■ What you should do
Copy the data verbatim and leave out every picture.

-- Dataset content follows --

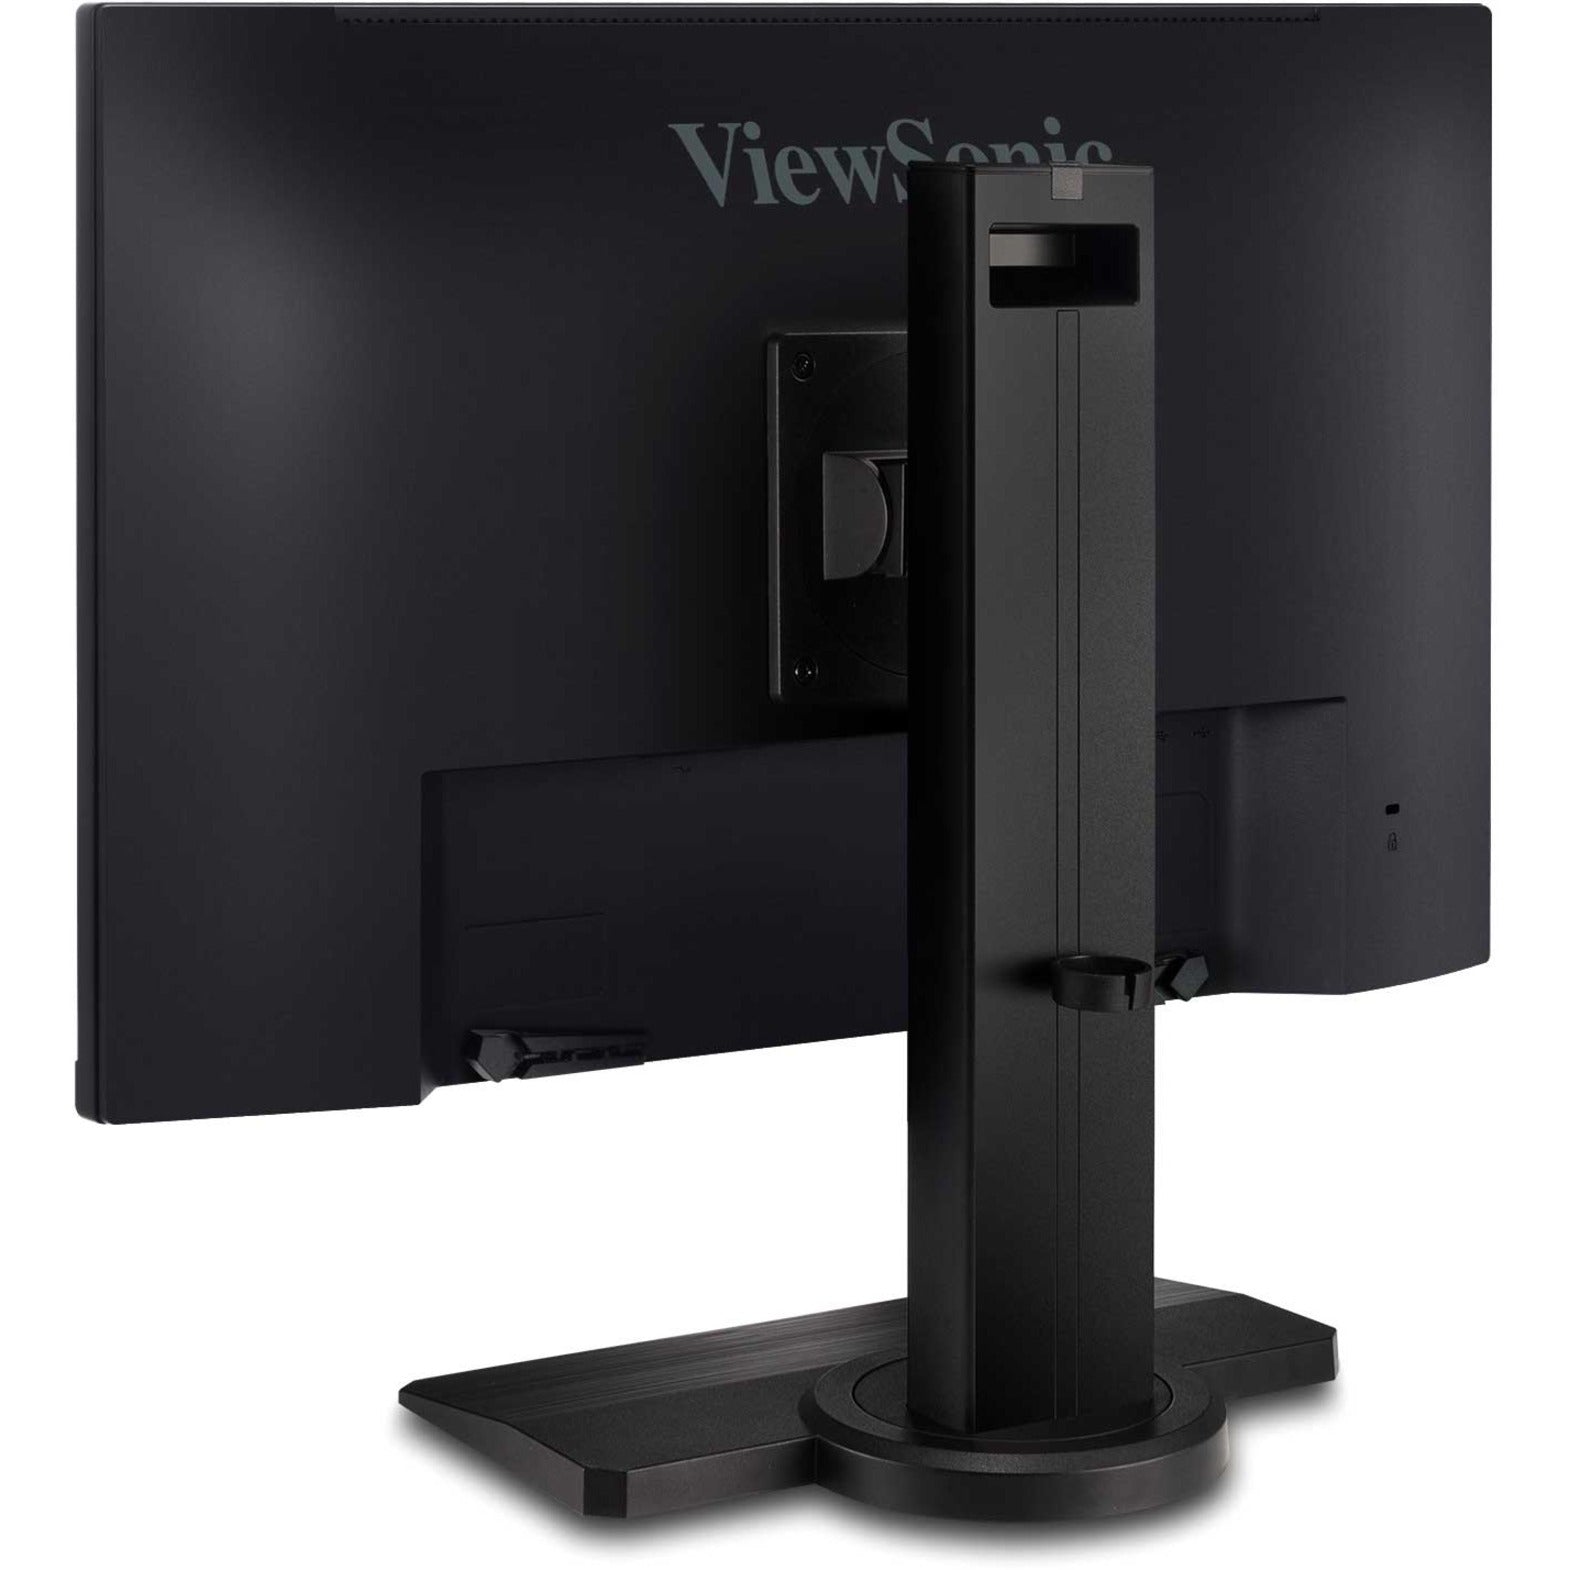 XG2431 - ViewSonic Monitor
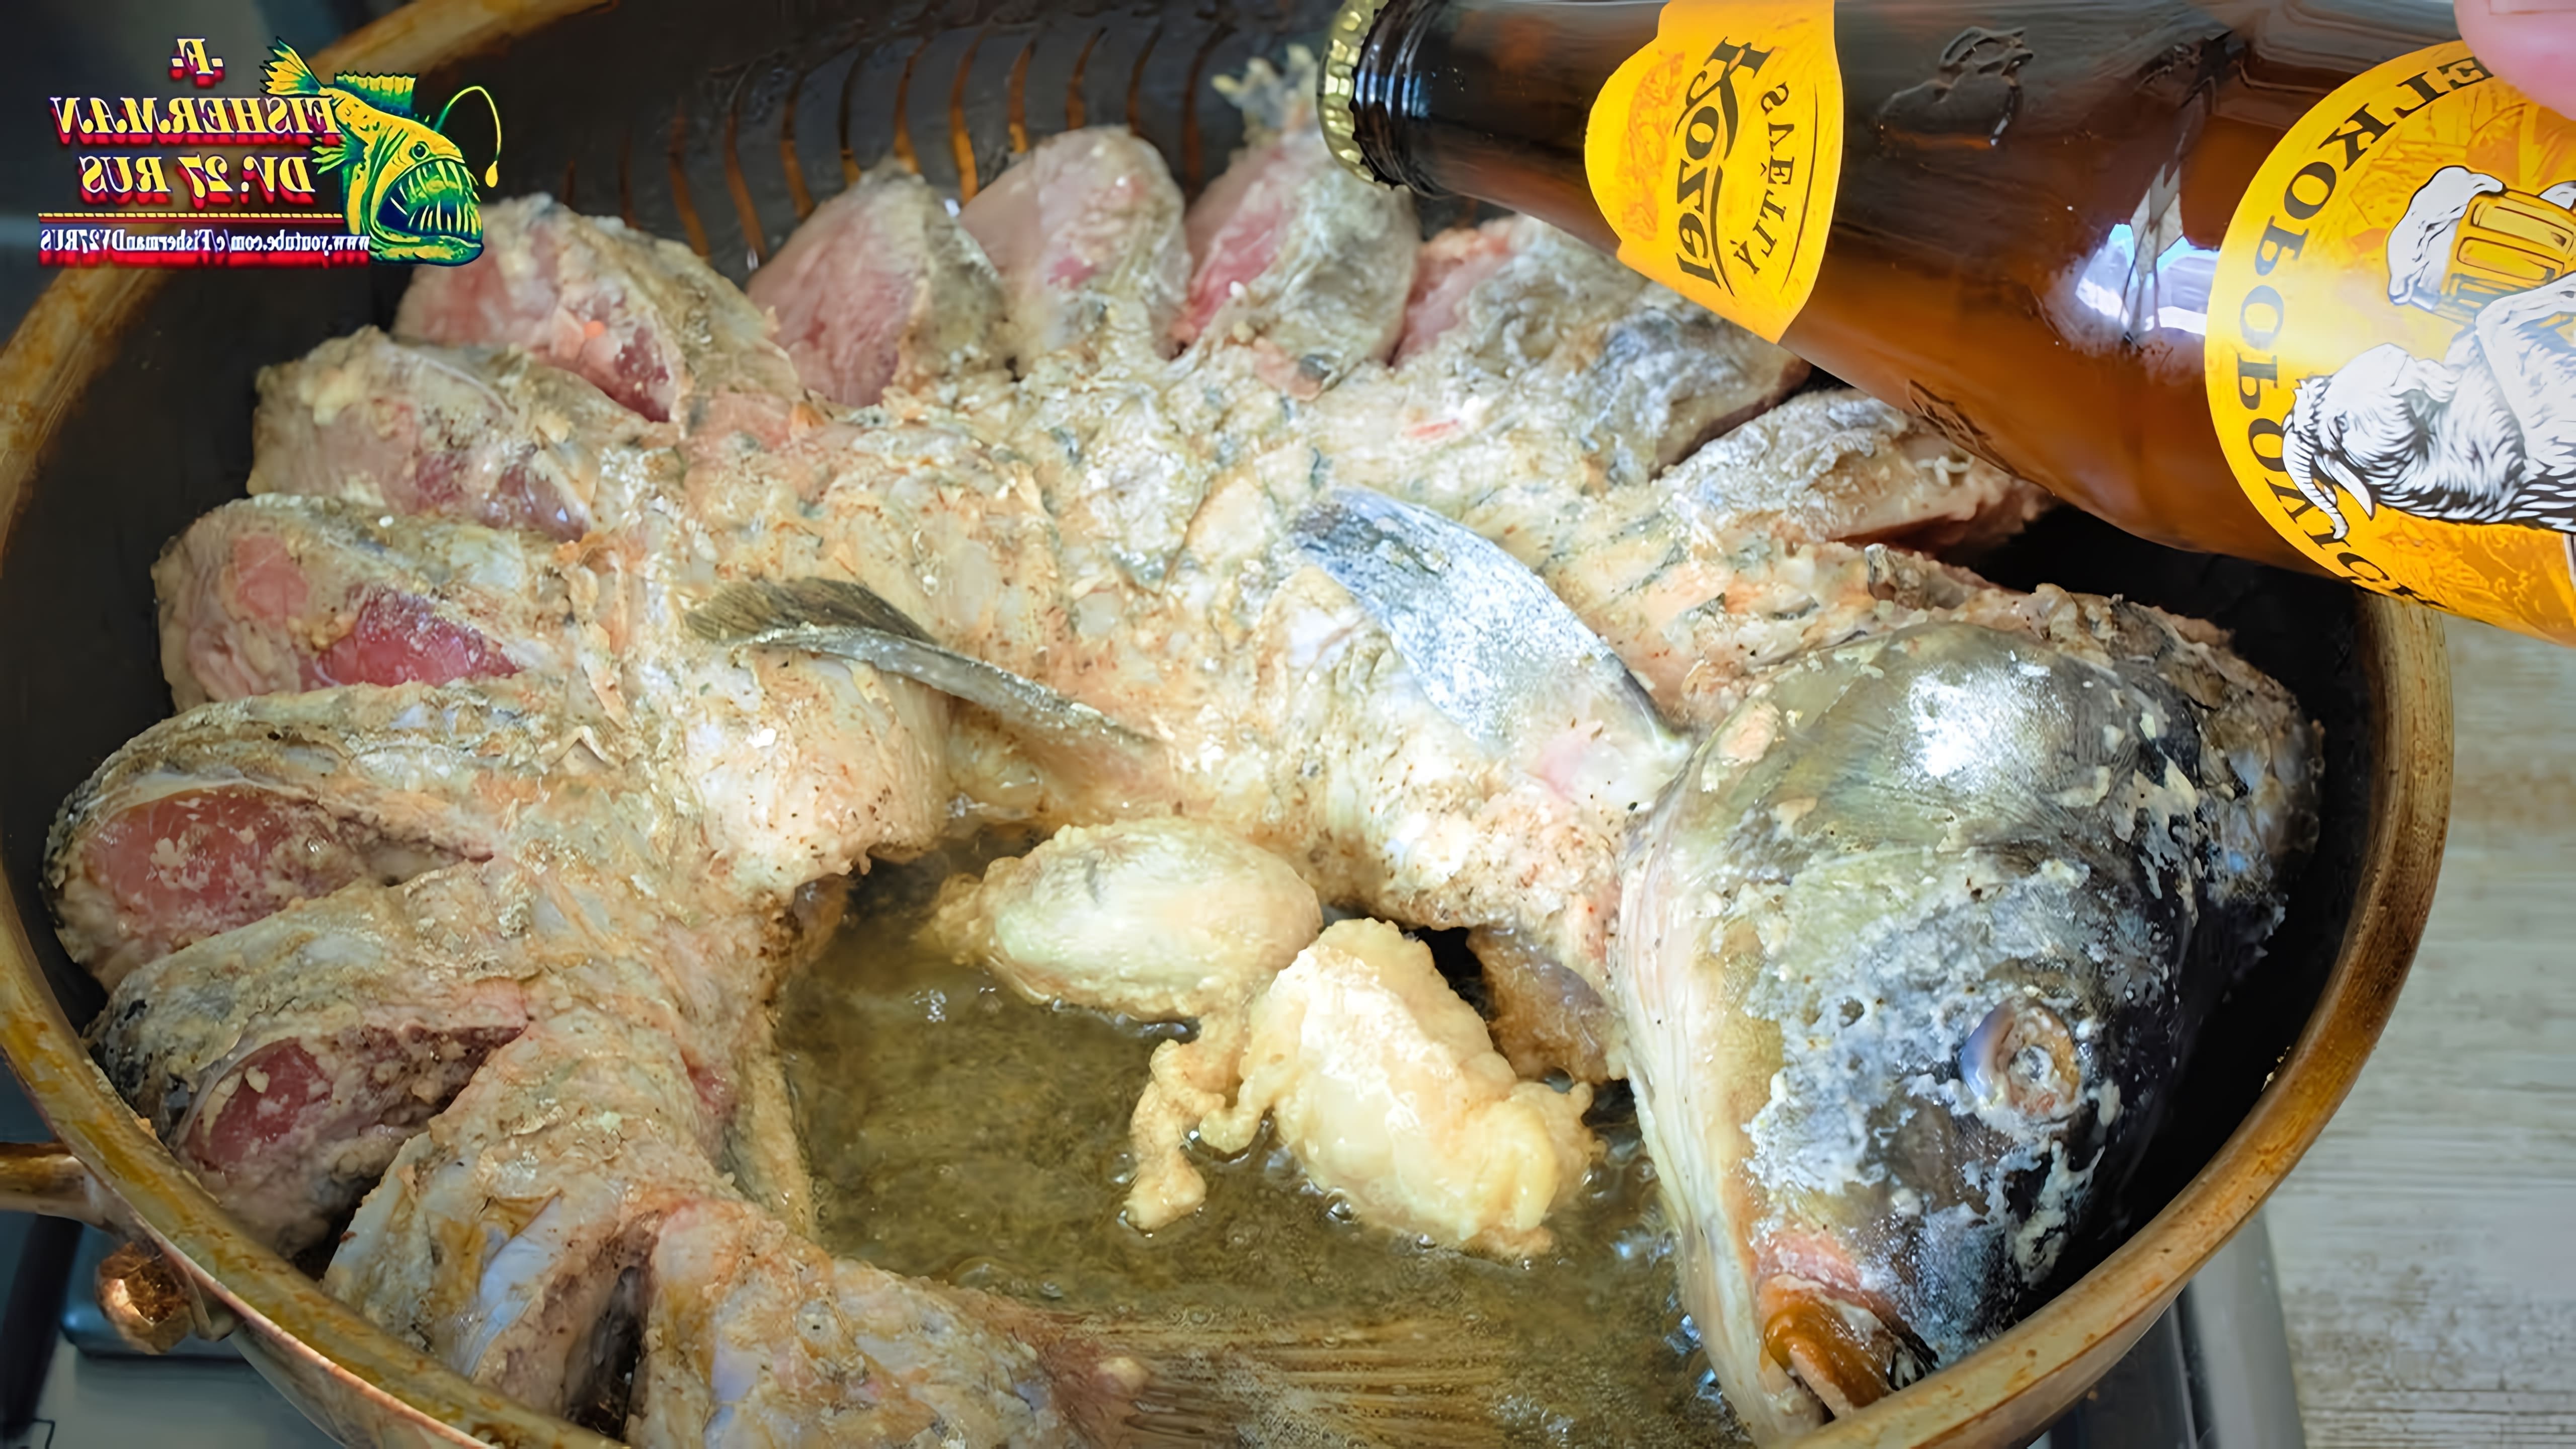 Не многие так готовят рыбу, карпа, сазана, а зря это очень вкусно, рыба жареная в сковороде! Попробуйте эту вкусно... 
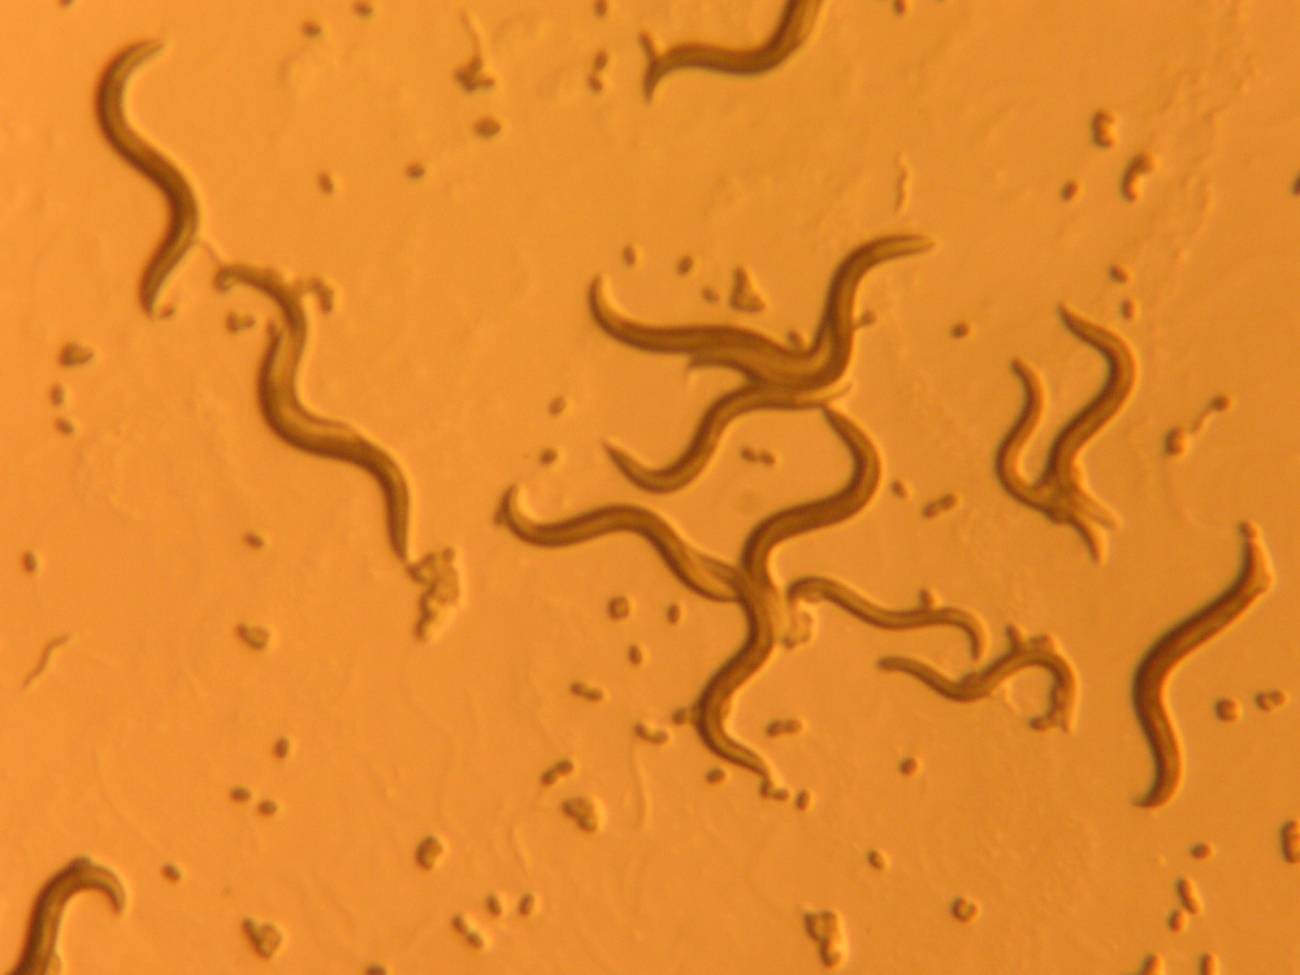 El nematodo C. elegans puede usarse ahora como modelo para entender el funcionamiento de la memoria.

-- Dataset content concluded --

■ Answer to this task
 XG2431 - ViewSonic Monitor
 Не многие так готовят рыбу, карпа, сазана, а зря это очень вкусно, рыба жареная в сковороде! Попробуйте эту вкусно... 
 El nematodo C. elegans puede usarse ahora como modelo para entender el funcionamiento de la memoria.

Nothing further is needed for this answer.